The legend of Oedipus isn’t exactly the stuff of children’s stories, but classical literature’s most famous incest survivor did indulge in some reasonably harmless derring-do before that whole business with his mum turned things sour.

Steam Industry Free Theatre’s new kids’ play is a sort of U-rated prologue to ‘Oedipus & Antigone’ , the dark ‘main’ show in the company’s annual free season at the Scoop. And ‘Prince of Thebes’ sensibly incorporates some of the doomed nobleman’s better-known pre-’Oedipus Rex’ antics into its story, most notably the impressive puppet sphinx that confronts our young hero at the end.

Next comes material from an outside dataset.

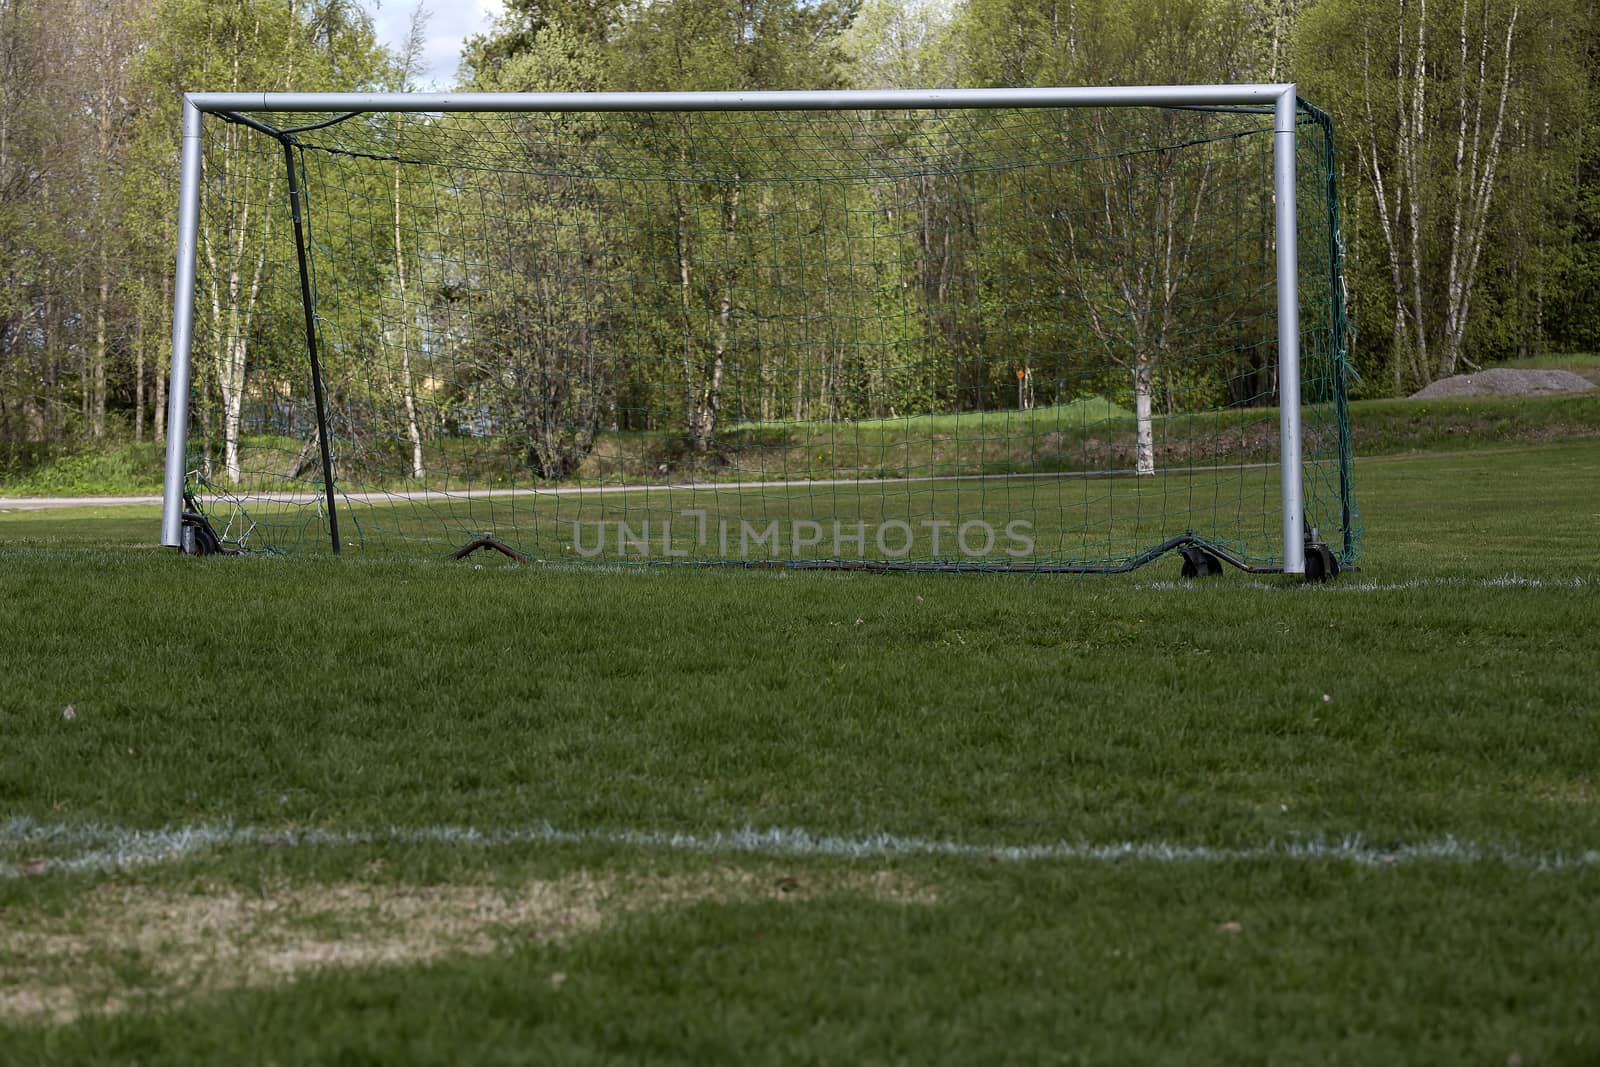 An empty soccer goal from a low perspective with some trees in the background

Nonetheless, for the most part it’s less swashbuckling romp, more silly panto. After a slightly laboured encounter with the Oracle at Delphi, young Oedipus (Philip Scott-Wallace) acquires a posse, centred on jolly hockey sticks gal pal Pandora (Charlotte Whitaker) – out to recapture the ills of the world – and Archie (Joseph Wicks), a talking bear with a love of puns.

The play is very loud, there’s a lot of singing of clunkily reworded modern pop songs, and Archie makes some uncomfortably sour quips that don’t seem entirely in keeping with the young audience.

It’s a very winsome cast and there are much worse things you could be doing with your kids (just ask Jocasta!), but the production never finds a comfortable note until its rollicking climax, pinging through a panto-ish plot that lacks the madcap invention and subversive humour of the best Christmas shows.